“Not everyone and I don’t know what happened, only that someone hurt you.”
“How can you tell?” Her lungs burned with every breath. The desire to run muscled into her mind. Packing up her things had become easy. Moving from town to town and finding a job and a place to live hadn’t been hard. She’d learned to live on very little.
She could do it all again if she had to.
But she didn’t want to. Lake George had been the first place she landed where she felt like she could make it her home. Phoenix and his brothers had made her feel welcome. Brandi and Hensley treated her like a part of the family. They checked in with her regularly. Asked if she needed anything and genuinely seemed as though they liked her and Janelle enjoyed their company.
And their kids.
It differed from spending time with her sister wives’ children or families in the compound.
“It comes from all my time working with women like you,” he said softly. “I feel like I might have stalled the conversation by trying to make you feel more comfortable. I’m sorry.”
“The problem is I doubt you’ve ever come across anyone like me before.”
“I’ve seen a lot at the shelter.”
She’d never heard the wordcultbefore until she’d left the compound. She was born and raised in the religion. Kept from the outside world and sheltered from their opinion of what her father had done to the church. She knew the people on the other side of the walls wanted to destroy them and the work of God. But she didn’t understand why, except they were the devil.
“You might want to buckle up for this story.” It was now or never. She snagged the glass and took three big gulps. She’d heard it called liquid courage at the bar before, and right now, she needed it. Every fiber of her being screamed to release the beast. To purge the burden that she’d carried for the lastthree years. “My life isn’t something that most people have ever experienced.”
“My career isn’t anything that the average person could comprehend. I doubt you’ll shock me.”
She blew out a puff of air. “My great-grandfather was a preacher of a fundamentalist Christian church. When I was young, while the doctrine was strict, it allowed for plural marriage.”
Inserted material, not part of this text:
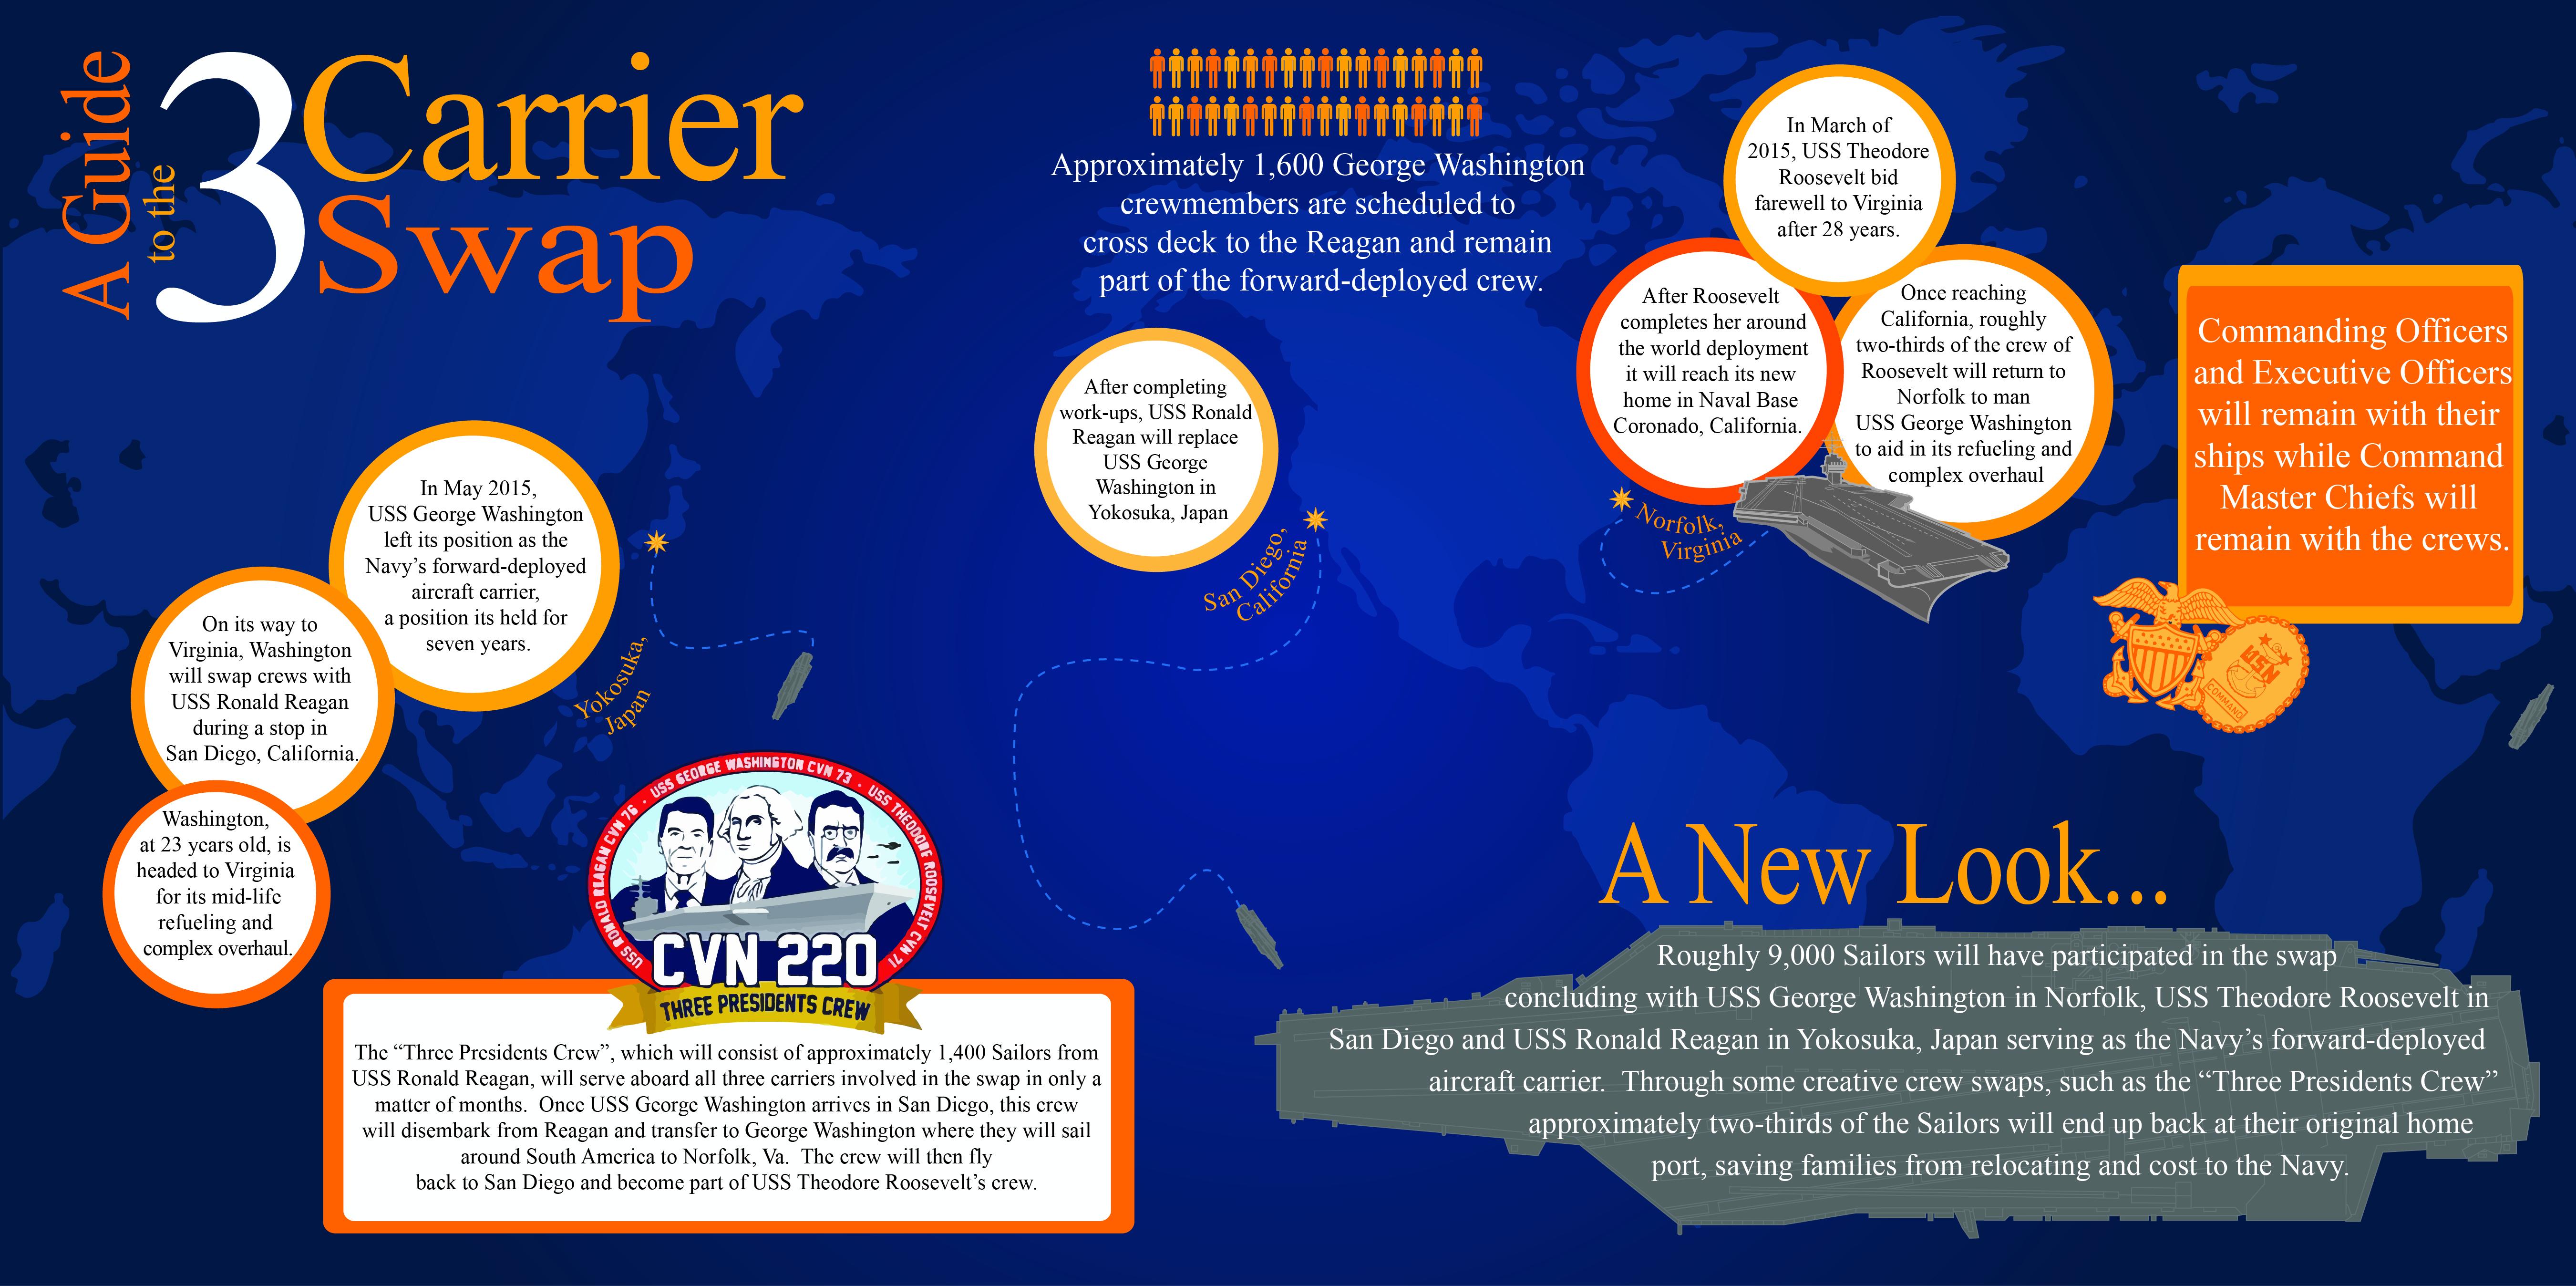 Infographic  3 Carrier Crew Swap Quelle: U.S. navy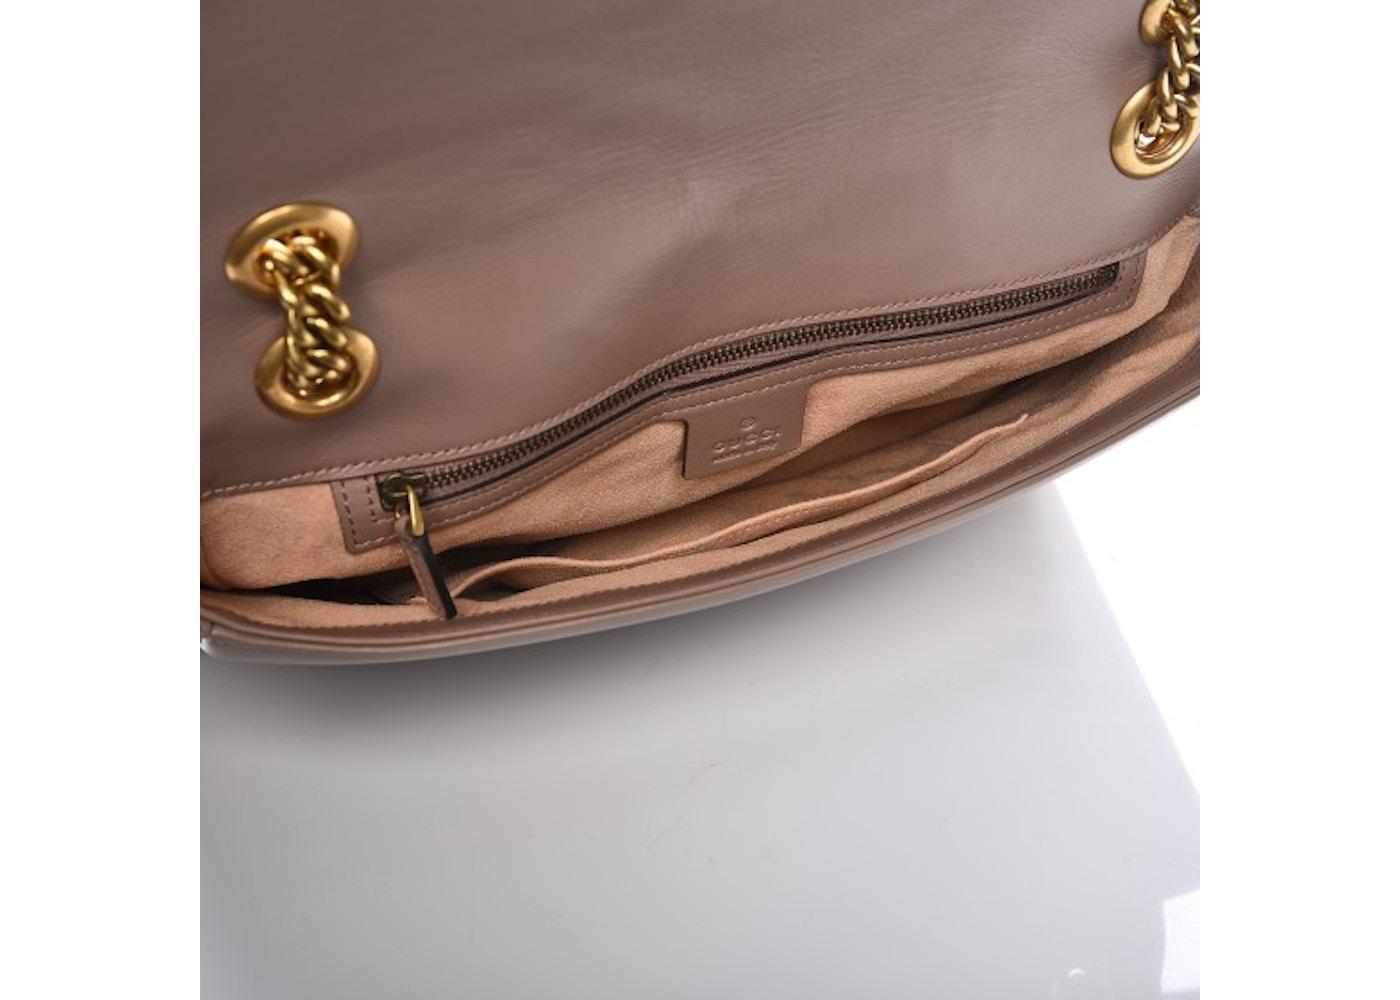 815d8915a4d Gucci Marmont Shoulder Bag Matelasse GG Medium Porcelain Rose

“Excuse me? As in a man having more than one wife?”
“Exactly.”
“That’s not right.”
“Growing up, I didn’t know any better. And to be honest, while it isn’t something I would want to ever experience again?—”
“Again? You were married to a man who had more than one wife?”
“Can you let me get through this? I’ve never told it to anyone and you’re making it harder for me.”
“I’m sorry. Go ahead.”
“Polygamy by itself isn’t necessarily bad. I’ve seen it work when everyone is a willing participant. But it comes with its own set of challenges. However, things in the church began to change when my father took over. It got stricter. We already had little contact with the outside world, and it became less. When my biological mother died, my father started arranging marriages. He said that God spoke directly to him and in order for our flock to grow and spread the word, this was what the good Lord wanted us to do.”
“Jesus. He married you off when you were underage, didn’t he?”
She nodded.
“Motherfucker.” Phoenix ran his fingers through his hair and abruptly stood. He turned and gripped the railing. “How old were you?”
“Seventeen,” she whispered.
“And when you finally left?”
“Twenty-three,” she managed.
“Was both your father and husband abusive?”
“Yes.”
“Did you ever report them?” He glanced over his shoulder.